Oyster card, bad hair day!

  rickf 11:10 09 Oct 2014

Thought I would share this here as I had to laugh at myself after the incident. I drive to a particular tube station and use the ncp carpark next to it for the day. When I arrived on Tuesday it was full. So drove some 10 mins away from the station where there were some free parking spaces on the road. Took a bus back to the station, touched in and whilst on the platform tried to text work that I would be slightly late. Could'nt find my mobile, then realised I had left it on the car passenger seat. Touched out oyster card, took bus back to car, retrieved phone, took bus back to station. On touching in my oyster, tfl cleared my balance so had to top up. Apparently this was because I had touched in and touched out without using the journey and the staff at the station tried but could'nt make me a refund. Although I can laugh about it now it seems totally nonsensical that TFL should claer my balance. I am sure some would not bother to ask for a refund thereby increasing their coffers each year. Surely its not too difficult to programmed in this contingency?? I suspect its left out for the purpose I suggested.

  Secret-Squirrel 10:27 10 Oct 2014

".......... it now it seems totally nonsensical that TFL should claer my balance..."

That's happened to me too Rick.
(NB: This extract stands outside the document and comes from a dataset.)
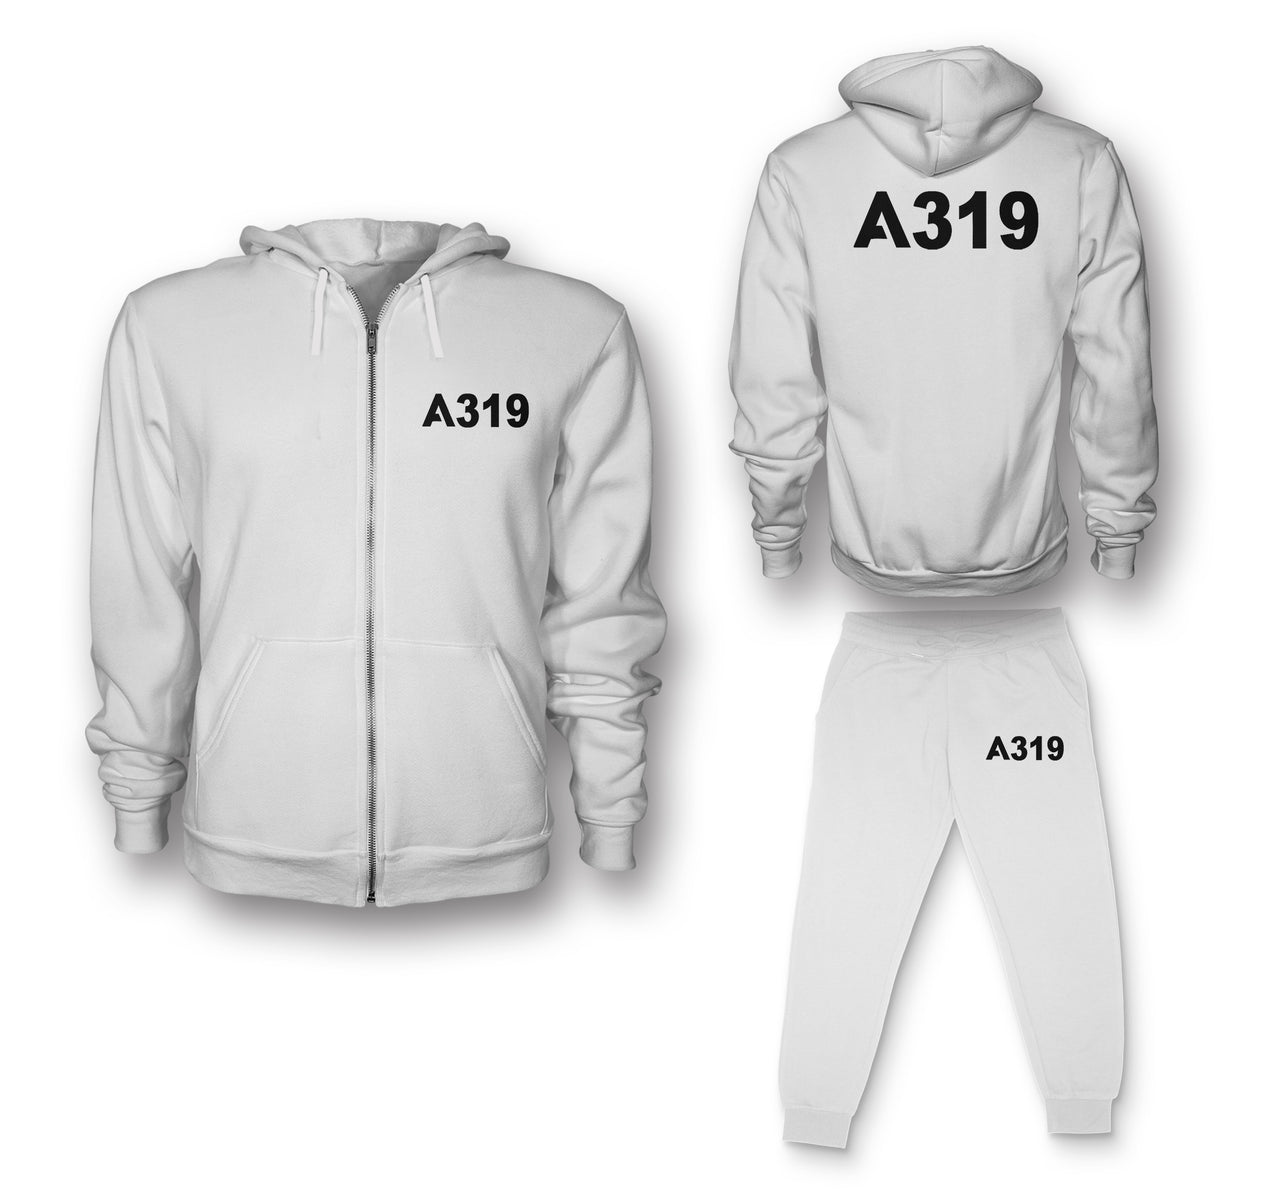 A319 Flat Text Designed Zipped Hoodies & Sweatpants Set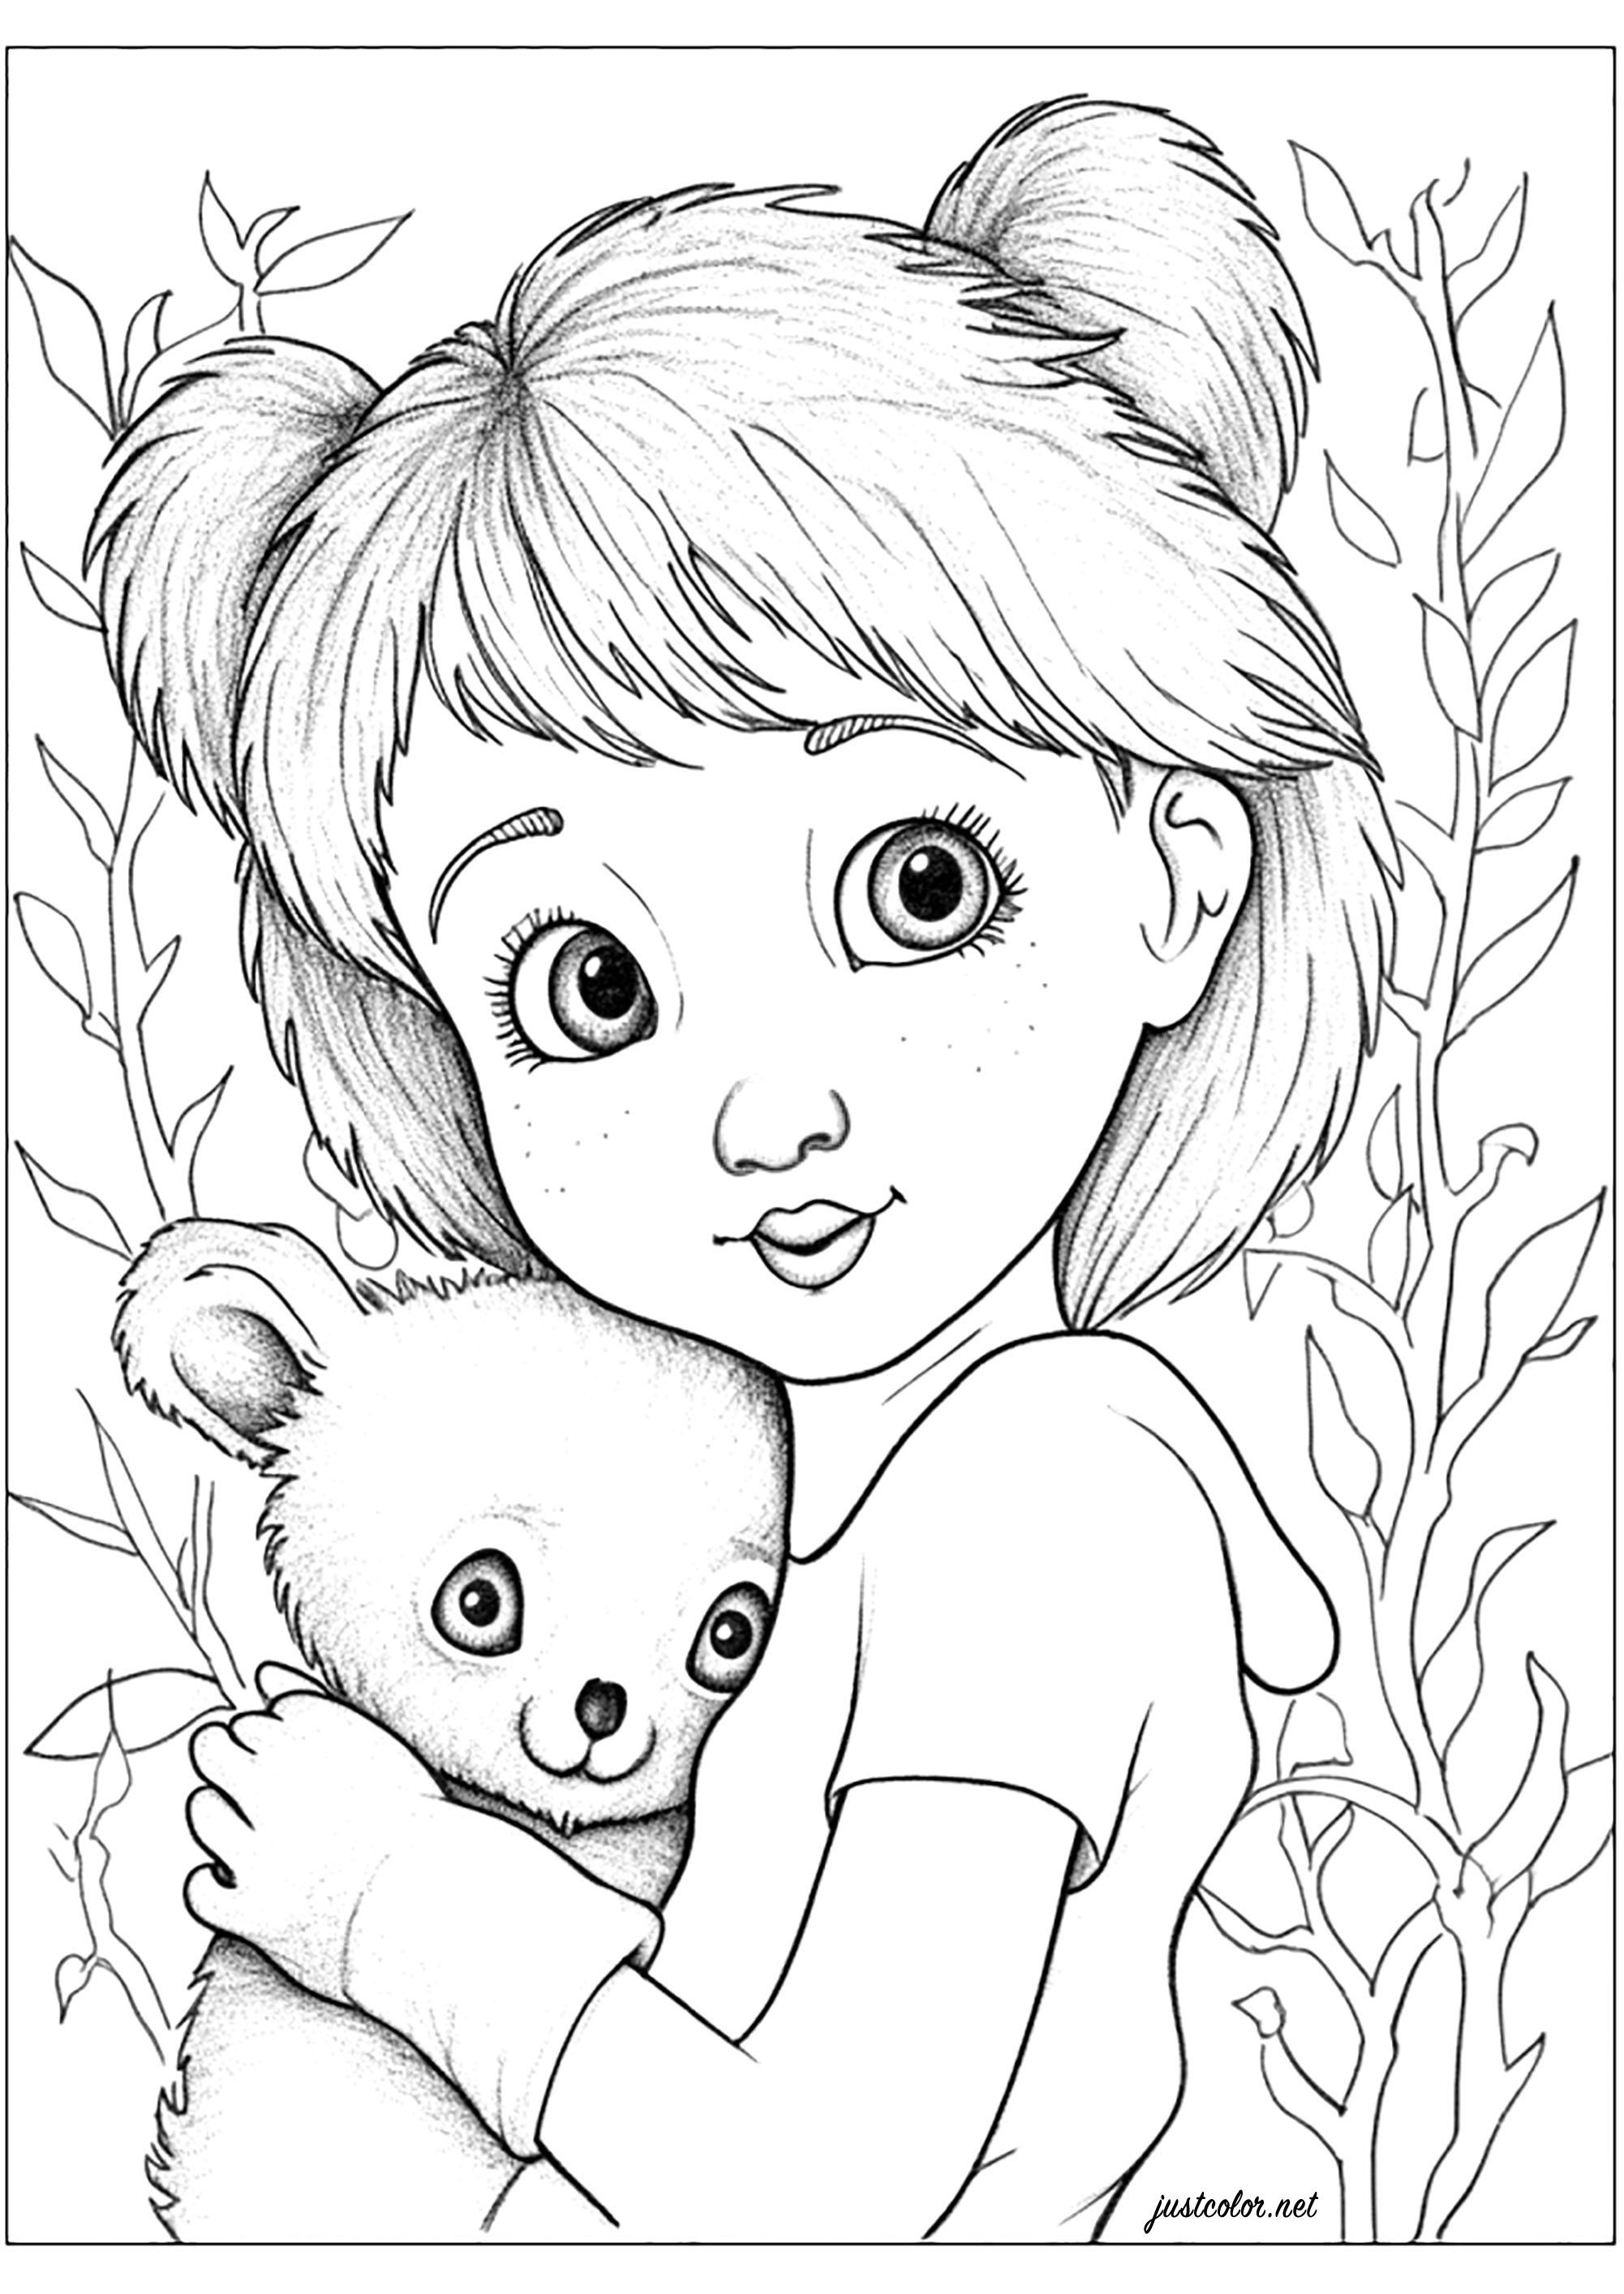 Dibujos para colorear gratis de Osos Koala para imprimir y colorear, para niños

A few minutes after waiting on the platform an announcement was made saying there was a serious problem with the Piccadilly line and the next train would arrive in 35 minutes. That would have made me late for my appointment so I decided to go back home and take the car. On leaving the station several pounds were deducted from my Oyster card.

"Surely its not too difficult to programmed in this contingency??"

I visit the Netherlands regularly and use an "OV-chipkaart" which is essentially the same as an Oyster card except it works on all modes of public transport throughout the country. If a traveller checks in and checks out at the same metro station within 20 minutes (or one hour for a rail station) there's no charge. That's perfect for the situations we found ourselves in, or even if someone wants to meet a friend on the platform or escort their elderly relative to the train etc.

  rickf 14:26 10 Oct 2014

If a traveller checks in and checks out at the same metro station within 20 minutes (or one hour for a rail station) there's no charge. That's exactly why I can't understand why Oyster cannot programmed this int5o the system. I am left to think cynically that its a money spinner as some people would not bother. Customer service noted that I was in and out w/in 5 mins yet they took £5.10 from me. Why?? Part of the rip off Britain mentality I suspect. Sma e thing with phone calls ahving to listen to long menu options, some of which are repetitive just to prolong the call whilst they charge by the min. Someone suggested there should be a regulator and I agree. They are robbing us blind, worse than Dick Turpin.

  spuds 16:05 10 Oct 2014

Perhaps off subject a little, but I seem to hear a lot about the London Oyster or Freedom card, so can anyone tell me if the English Travel Concessionary Pass that are supplied by main local council's to pensioner's, are usable on London or district transport.

  Batch 16:38 10 Oct 2014

Spuds, I believe that ENTCS can be used as follows "in all other parts of England your pass entitles you to travel free on local bus services" (e.g. see click here ).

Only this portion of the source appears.